C’ è voluto un anno, ma alla fine l’Ufficio legale e legislativo della Presidenza della regione Sicilia si è trovato d’accordo con la legge e la giurisprudenza della Corte di Cassazione.

Donatella Sindoni non poteva ricoprire la carica di consigliera comunale. Al momento delle ultime elezioni di maggio del 2013 era infatti ineleggibile. Per l’esponente politico eletto sotto le insegne del Pd, promotrice subito dopo le lezioni, insieme al collega Santi Zuccarello del gruppo Missione Messina e passata di recente a Grande sud, adesso dovrebbe scattare la decadenza.
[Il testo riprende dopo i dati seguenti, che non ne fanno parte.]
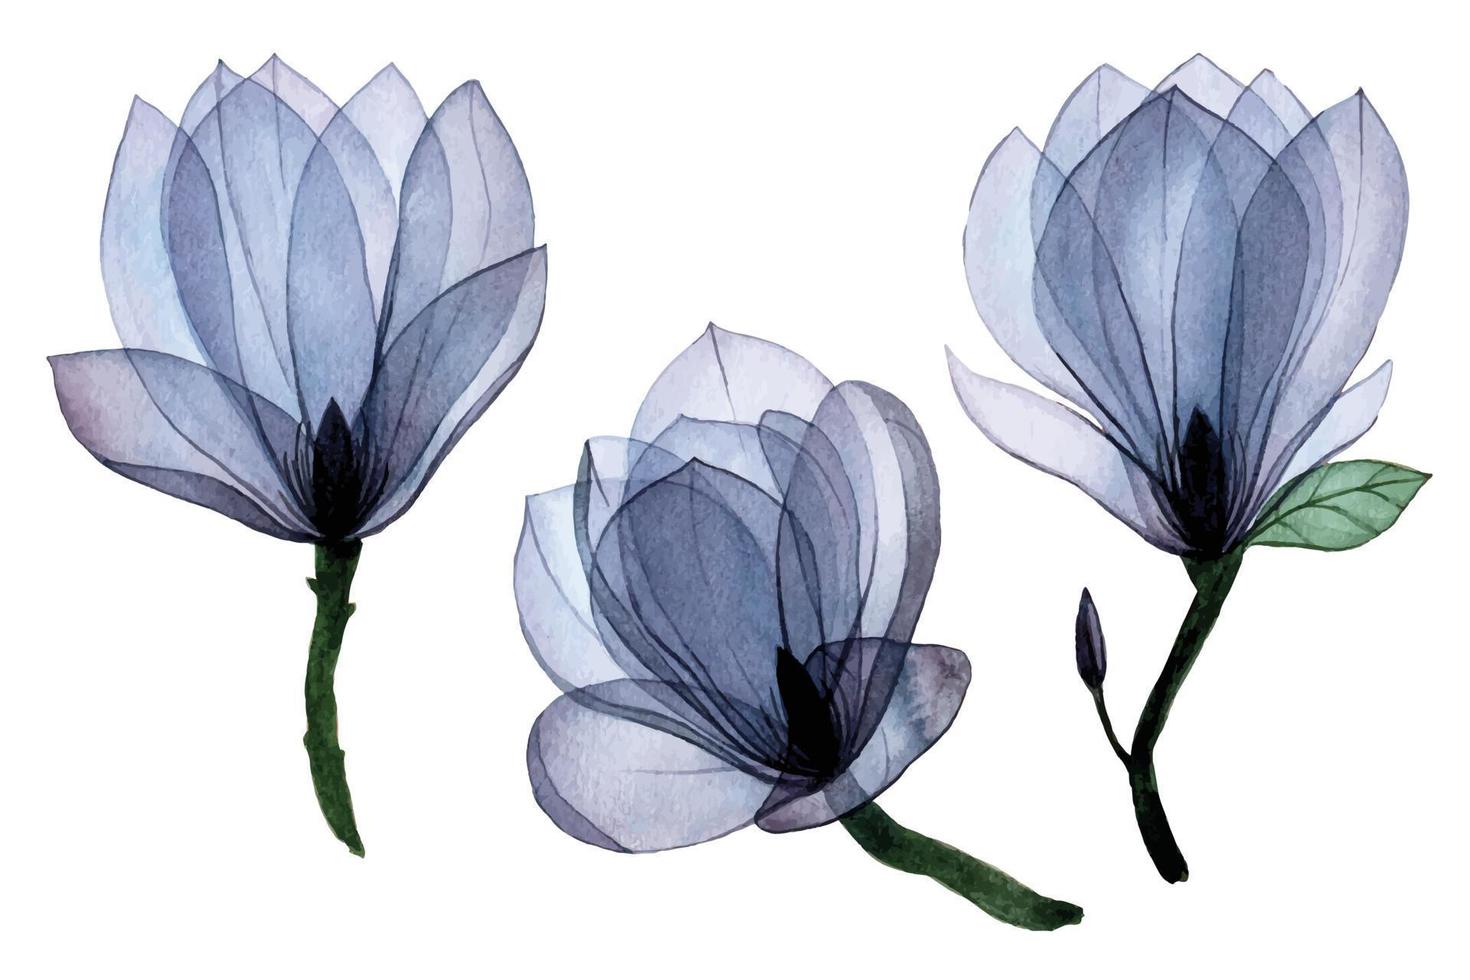 juego de dibujo de acuarela con flores de magnolia transparente. flores transparentes elementos aislados azules. vector

Il tema della sua ineleggibilità fu sollevato da un’inchiesta giornalistica pubblicata sul blog www.micheleschinella.it il 22 giugno del 2015, in cui ne venivano spiegati i motivi di fatto e di diritto.

A seguito della pubblicazione del servizio, Giovanni Cocivera, il primo dei non eletti del Pd, inviò, due giorni dopo, il 24 giugno del 2015 una lettera al presidente del Consiglio comunale, Emilia Barrile, chiedendo di “verificare il fondamento del fatto denunciato nell’articolo di stampa”.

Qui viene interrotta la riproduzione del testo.